In his second project, Rud developed new statistical models to better understand gene-environment interactions, aiming to reveal how common environmental exposures such as tobacco smoking and red meat consumption influence disease risk across individuals with different genetic backgrounds. “These statistical models help us identify vulnerable subpopulations that face increased disease risk due to specific environmental or behavioral risk factors,” he says.

Through his doctoral training, Rud has grown into a researcher capable of tackling unfamiliar and complex problems with confidence and persistence. He credits his time at USC for equipping him with the skills and resilience needed to navigate technical challenges—a foundation he will carry with him throughout his career.

“I have come to trust my ability to handle challenges. When facing complicated situations, I have learned to take a step back, break them into smaller pieces, and work through each one. Those little wins add up, and before I know it, I’ve figured out the original problem.”

 

From trainee to mentor

During his time at USC, Rud returned to LA’s BeST, but this time as a teaching assistant, imparting his knowledge and experience to undergraduate students from across the country, who now looked up to him from a seat he once occupied.

“I helped them understand the possibilities of a future in biostatistics—whether that was pursuing higher education or going into industry. For those interested in applying to graduate programs, I informed them about the PhD experience and gave them advice on life as a doctoral student.”

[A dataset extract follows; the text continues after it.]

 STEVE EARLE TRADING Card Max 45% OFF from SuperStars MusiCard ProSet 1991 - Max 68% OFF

“One of the most rewarding moments was when I wrote letters of recommendation for two students from the training program who were later admitted into doctoral programs. I remember one student in particular who was apprehensive about the application process, but I reassured her that she would be a strong candidate and encouraged her to apply—she was accepted into her program.”

 

Supportive academic leadership

There are many faculty members and mentors who have supported Rud in his academic journey.

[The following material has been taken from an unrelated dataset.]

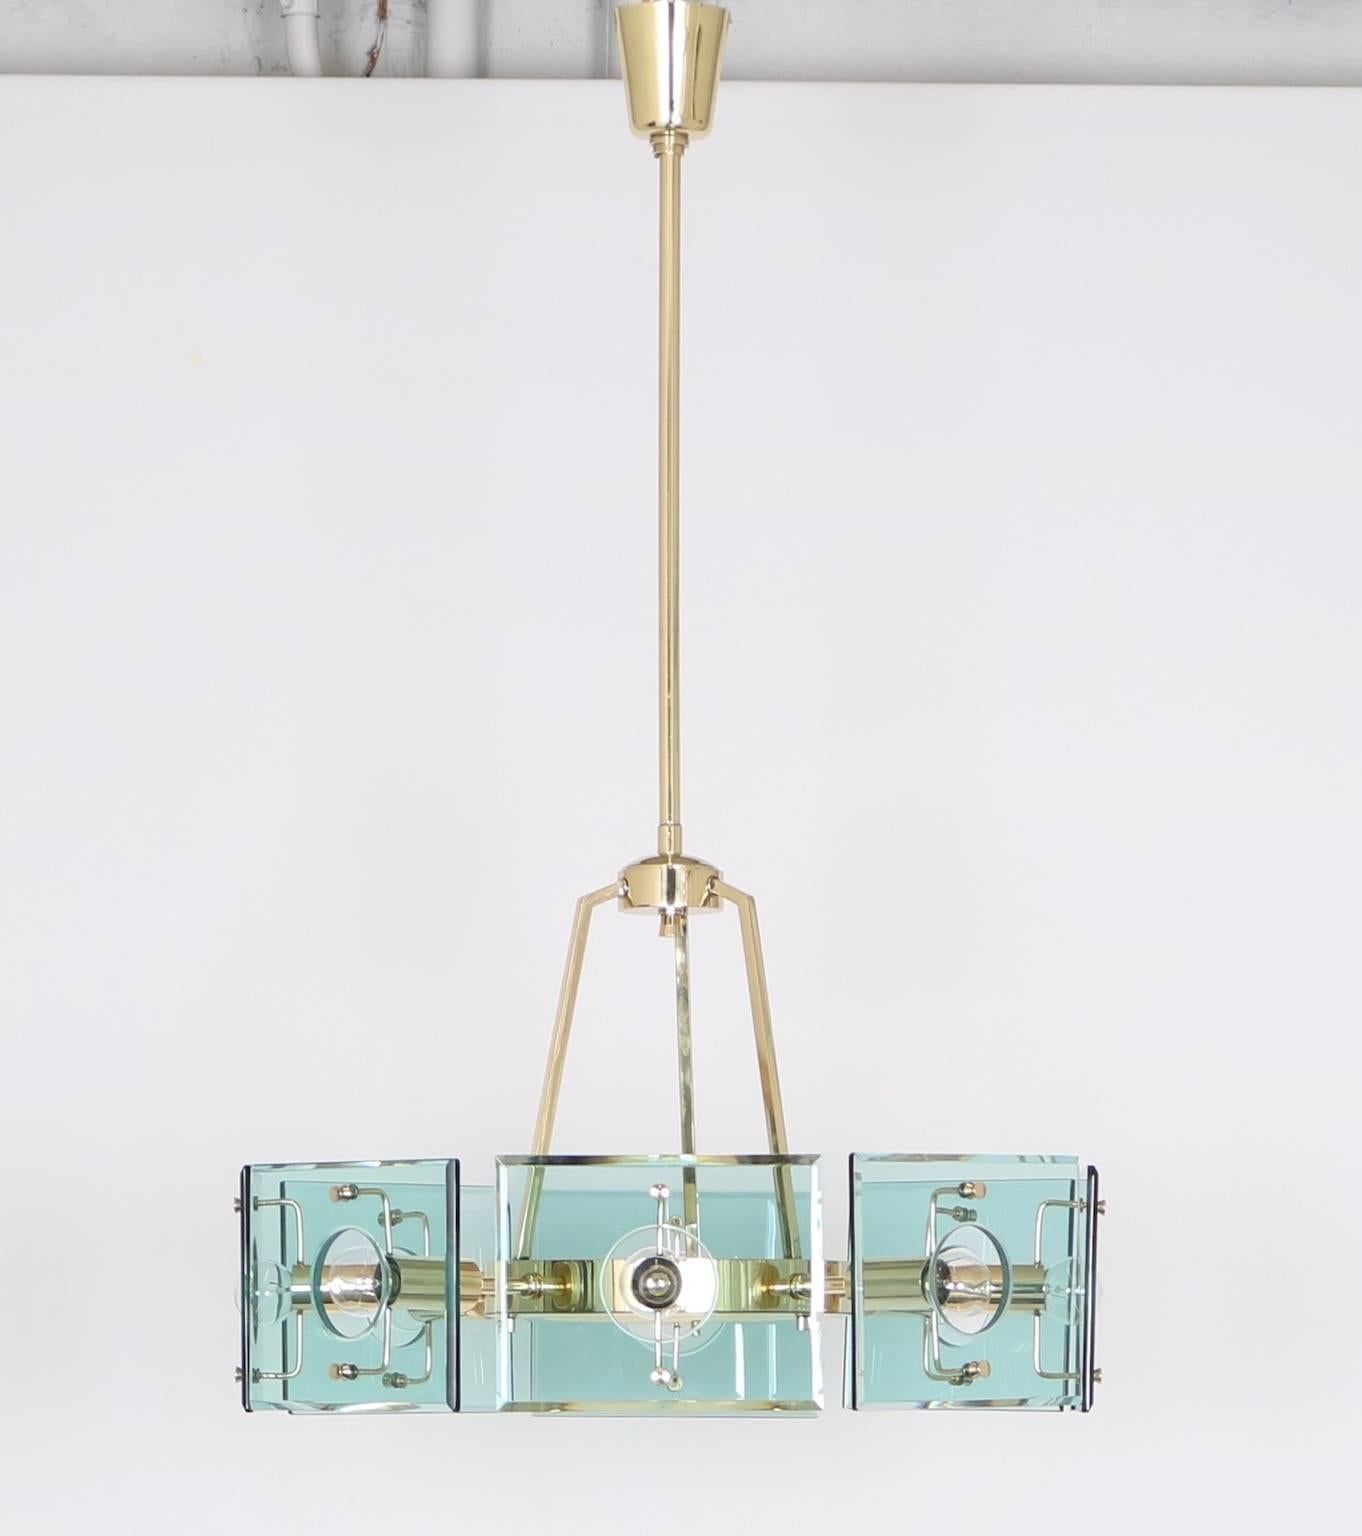 Italian chandelier designed by Gino Paroldo for Fontana Arte, circa 1950s, brass frame with cut-glass geometric panels. Completely restored and adapted to US standard, requires candelabra bulbs.

 

“I am grateful to Dr. Juan Pablo Lewinger, my advisor, who supported me throughout my PhD. I always enjoyed talking to him, and when there were tough problems, he gave good suggestions and was enthusiastic about my progress. I never felt overlooked, and he was very considerate toward me—he never put me down and was very helpful. Similarly, Drs. Jim Gauderman and Rob McConnell supported me through my PhD as a T32 trainee—they were approachable and friendly, and provided great suggestions for my work. Finally, I’ve been with Dr. Kimberly Siegmund from the start at LA’s BeST. I’ve taken classes with her and conducted research with her — she’s probably been one of my biggest supporters from the beginning. I also cannot forget to shout out our awesome project administrator, Nicole Reyes, who has always been someone I could count on for support and a good chat. I will truly miss all the wonderful faculty I had the pleasure to work with!”

 

Beyond the PhD

“With the plethora of data available today—which continues to grow rapidly—I believe there is a great opportunity to push the use of machine learning for public health. By leveraging machine learning advancements in biostatistics, I believe that in the future, we’ll have a better understanding of disease etiology and determinants.”

After graduation, Rud will join Google as a software engineer working in machine learning and artificial intelligence. While his focus will be on developing machine learning solutions, he is passionate about how these skills can contribute to solving pressing challenges in healthcare.

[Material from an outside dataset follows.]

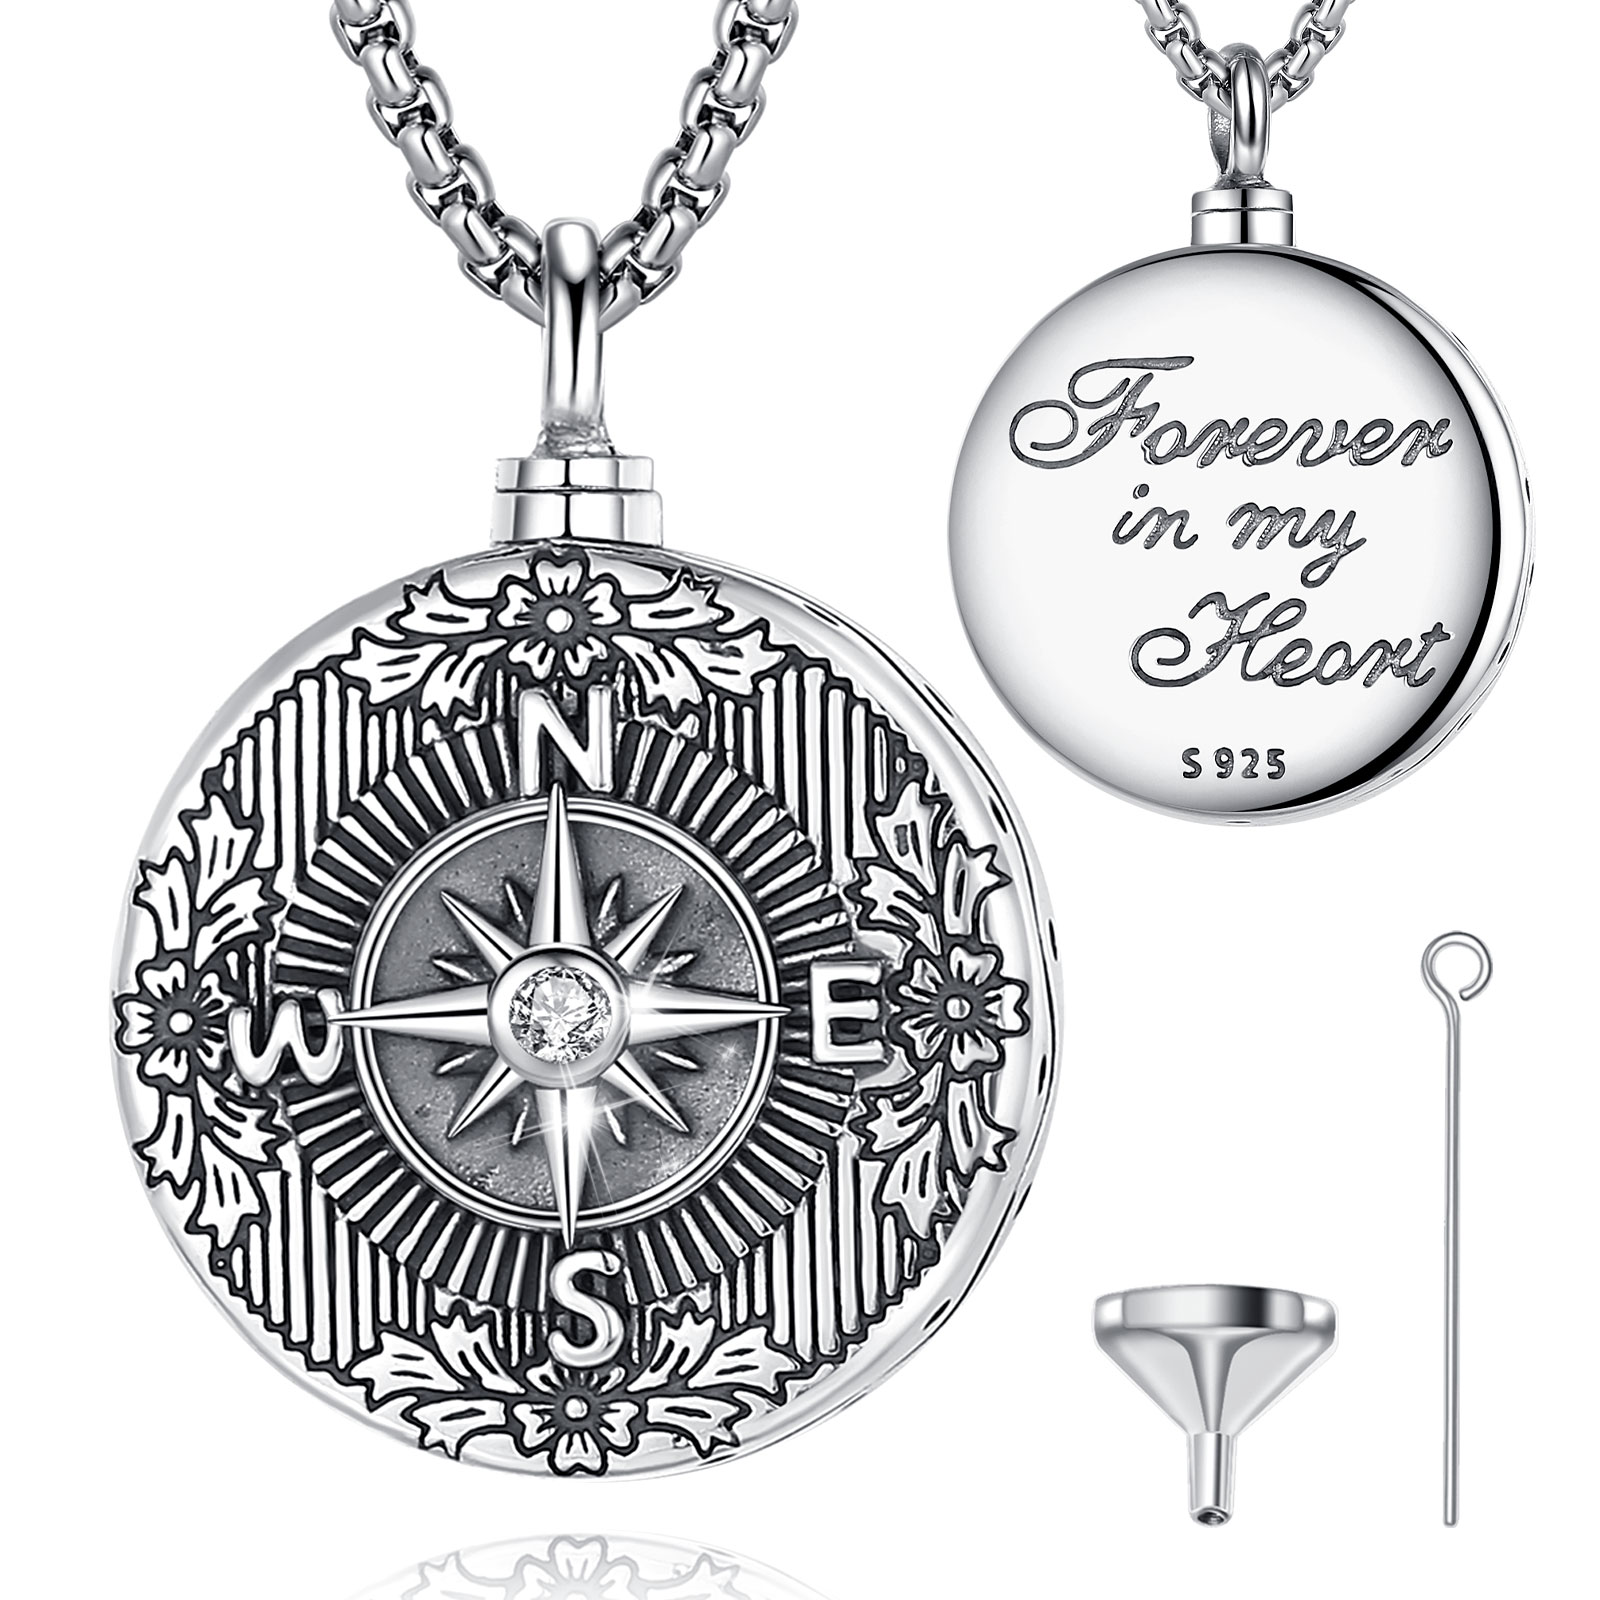 Merryshine High Quality 925 Sterling Silver Vintage Compass Design Cremation Jewelry Urn Pendant Necklace for Ashes

“I want to continue to deepen my knowledge of statistical and machine learning methods to tackle complex problems. I really hope for the day when cancer will be as easily cured as a bacterial infection with a general course of antibiotics. By advancing the field of biostatistics, we’ll be able to develop more effective therapeutics so that people won’t suffer at the scale they do now—for me, that is a pressing problem for us in biostatistics and public health to work towards.”